Reprint Factors Number Two: Production Costs
Another factor in deciding what to reprint are the production costs of creating a collection, which will probably be calculated after the sales of past collections have been assessed. These include sourcing good copies of the original comic (because not much artwork has survived), sourcing good, high quality scans at 300DPI or more (and no, buying illegal pirated CDs of material from dodgy sellers on eBay is not a solution, because quite apart from anything else, the scans are too low resolution), cleaning those scans, colour balancing, commissioning surrounding editorial material, paying staff to do the work, not to mention marketing costs in a world where building brand in competition with other media is tough and you only have a small but dedicated and, by fans, under appreciated team to do it with.

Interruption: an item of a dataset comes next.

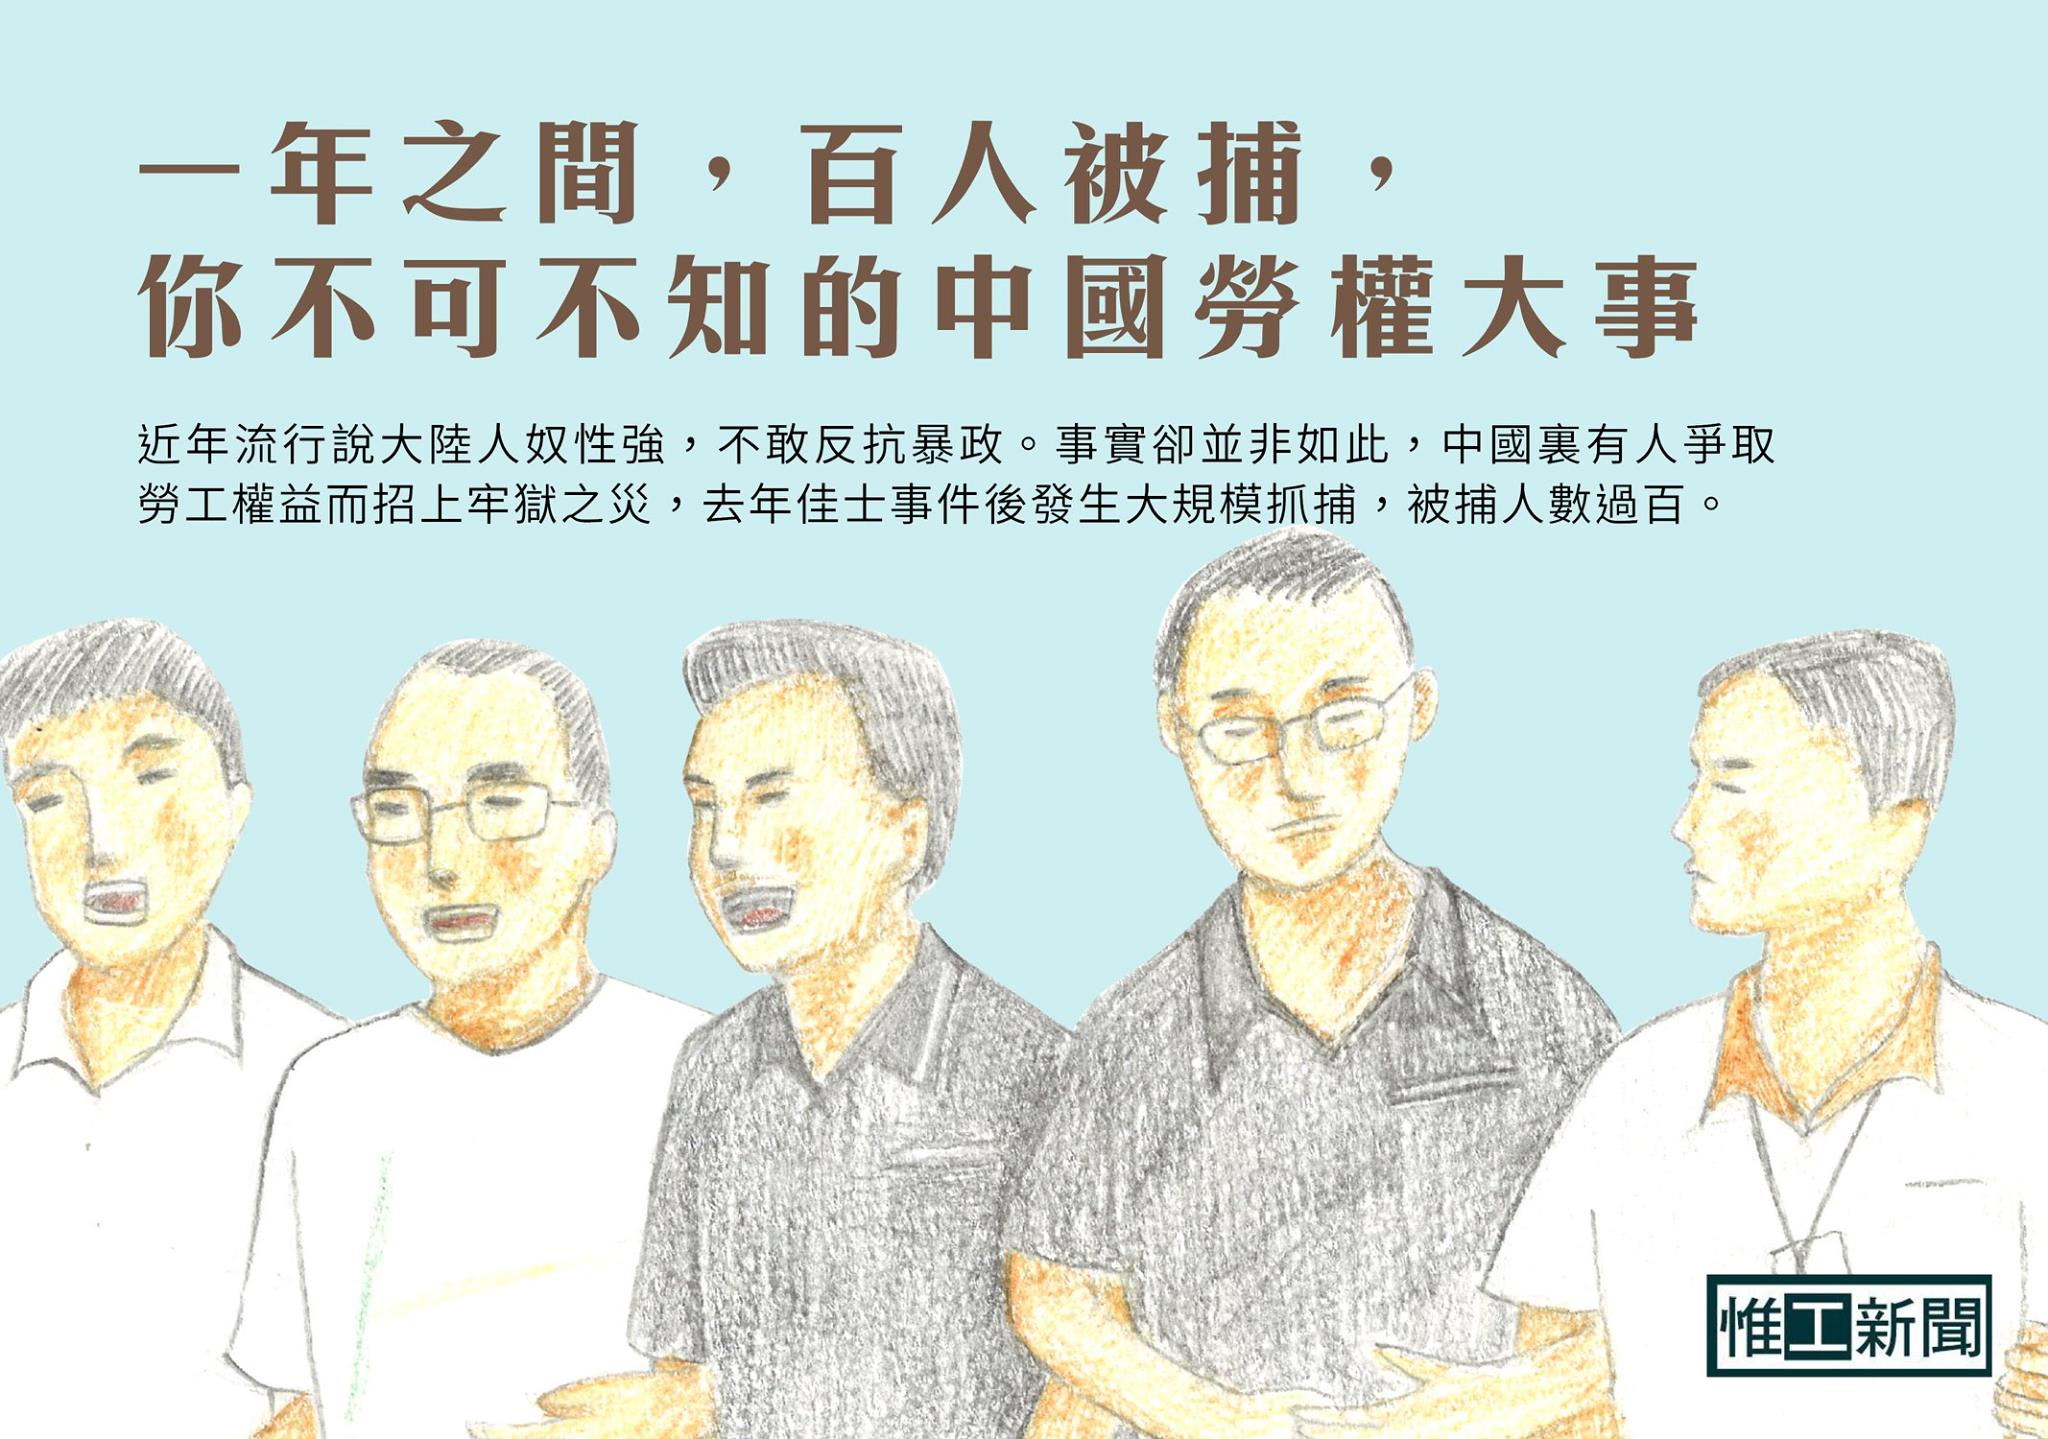 一年之間，百人被捕，不可不知的中國勞權大事

Reprint Factors Number Three: Distributor Limits
Regarding the general pace of reprints from any British comics company, fans aren’t generally aware that book distributors, not the publisher, often set limits on the number of books they can reasonably “sell in” to book shops. When collections was part of the package planned for Print Media Productions, the bizarrely-run Bosnian company I worked for that published the short-lived STRIP Magazine, our distributors of choice advised us to publish no more than 12 books at most in one year. So, actually, Rebellion are doing far more than many!
Having their own distribution through their web shop helps, of course, where you can find their exclusive Janus Stark collections.

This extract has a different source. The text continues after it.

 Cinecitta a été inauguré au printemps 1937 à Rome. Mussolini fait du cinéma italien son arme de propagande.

“Selling in” vintage material to the books trade is also hard no matter how many titles you plan, often beginning some 18 months ahead of actual release. US book distributors, for example, demand initial promotional material some twelve months before publication, even if covers might change.

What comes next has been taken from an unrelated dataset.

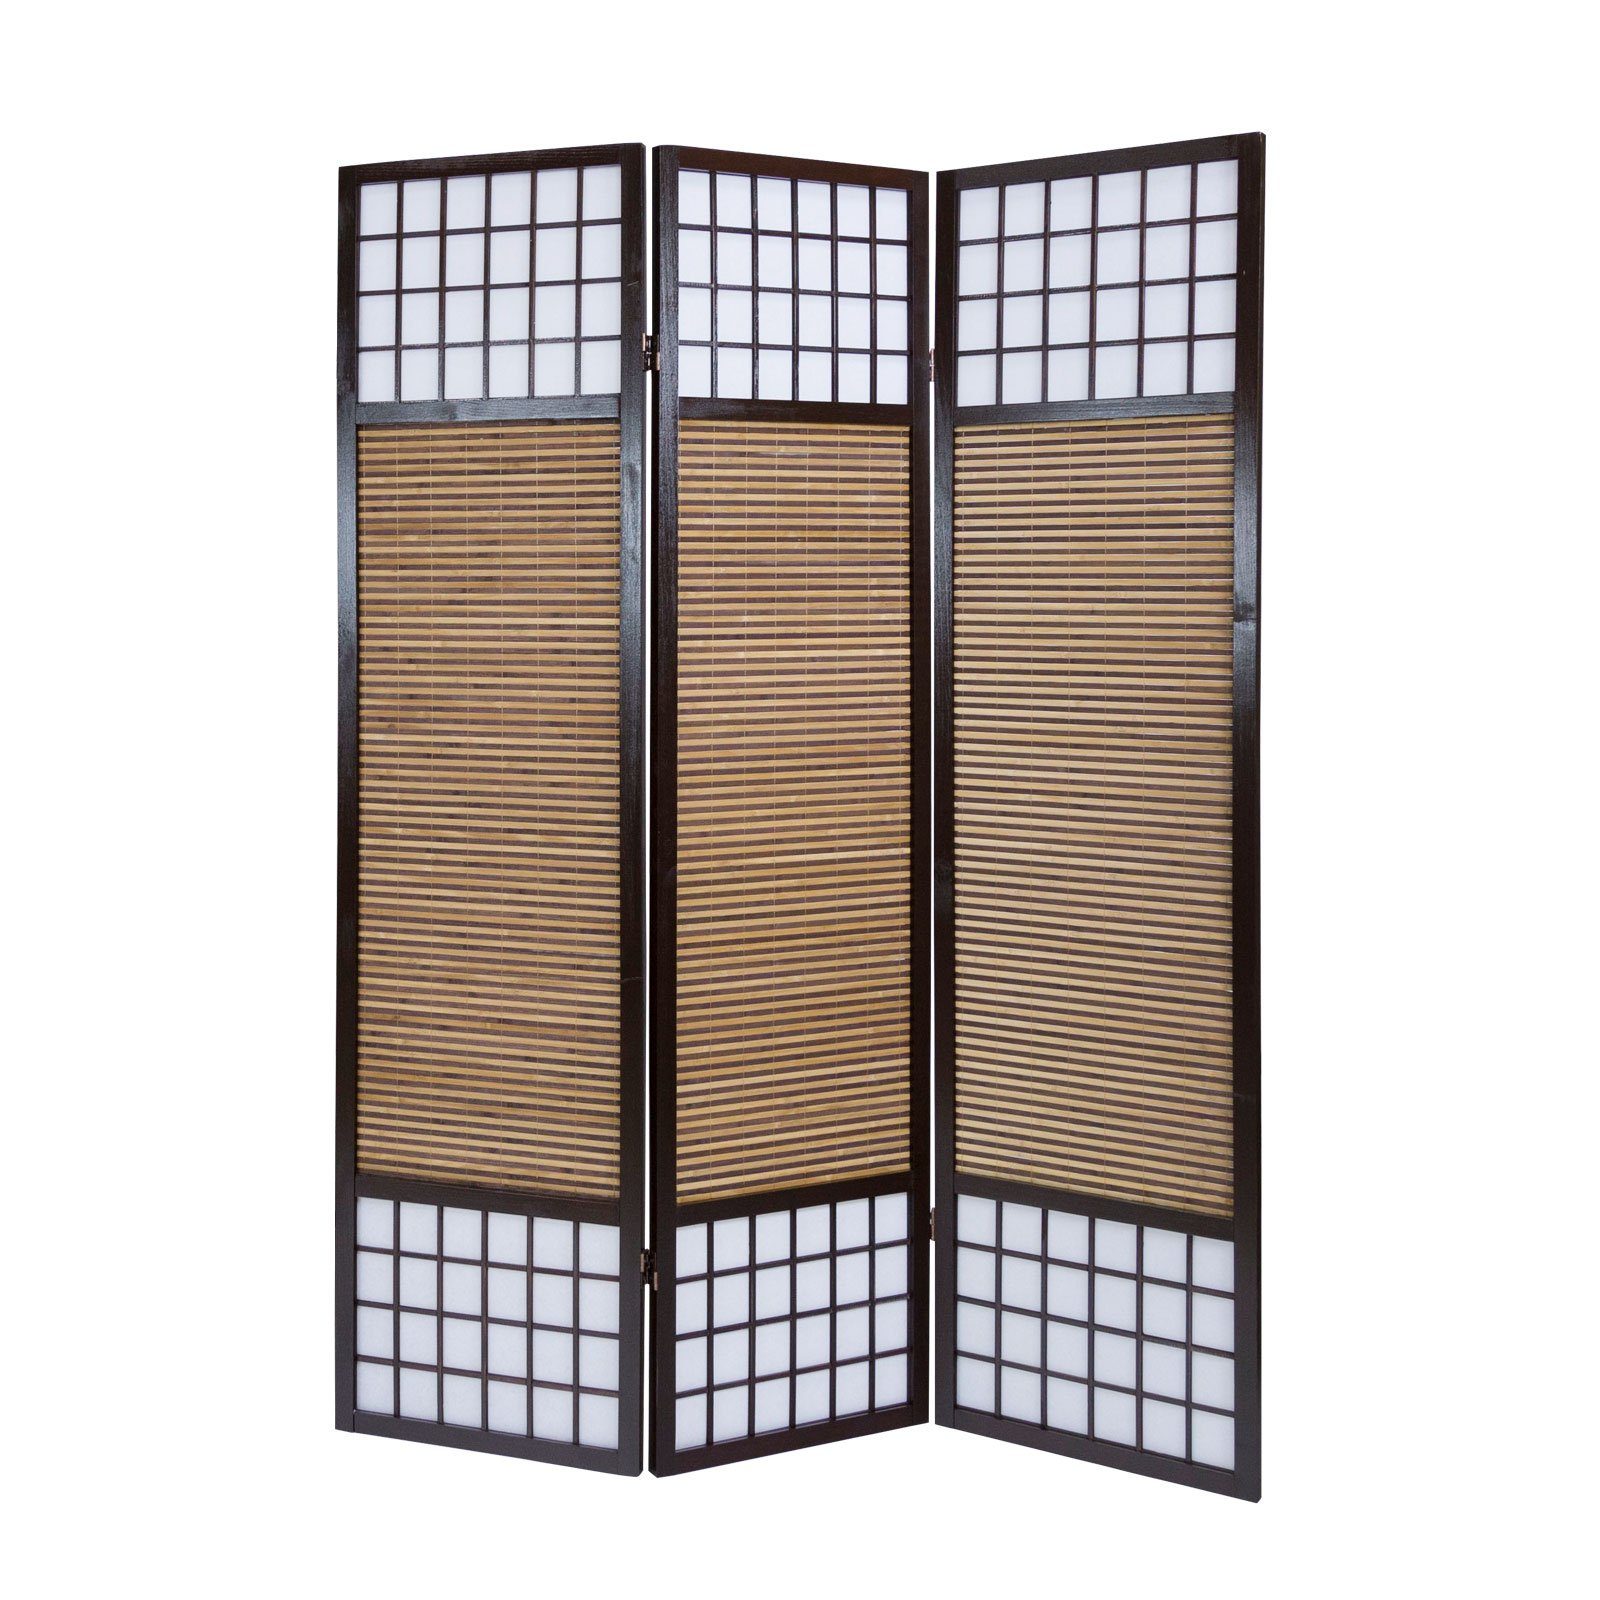 Homestyle4u Paravent Paravent Holz Raumteiler Bambus spanische Wand Trennwand Sichtschutz, 3-teilig

Reprint Factors: The Good News…
This isn’t the first time I have noted the number of factors that impact on collection decisions. However, as I noted earlier, creating new material inspired by the original raises the profile of the originals, and if your new projects are a commercial success, that can, hopefully, buoy the chances of reprints. So buying the next Cor and Buster Special will, in a round about way, improve the chances of collections of some older fans remember reading the first time around, from the 1950s through to the early 1990s.
But as fans, we should also be realistic in our demands. Collections of the best of British strips are, perhaps, on first printing, going to sell perhaps 2000 – 3000 copies at most, to fans of the original who sadly there are less of, as we all age and the original comics become a more distant memory. It’s not an easy balance, but I know that the team at Rebellion, for example, would dearly love to get as much of their archive out in print through their own imprints – or, for lees commercial propositions, working in partnership with publishers with a proven track record of success reaching a niche audience, such as Hibernia Comics, and the Book Palace Books Publishing team.
I’d personally like to thank Rebellion for publishing the collections they are, offering a great mix of titles, such as the recently-released first volume of The Trigan Empire, even if like other fans there are some characters I’d dearly love to see back in print. But like others, I will just have to be patient, won’t I?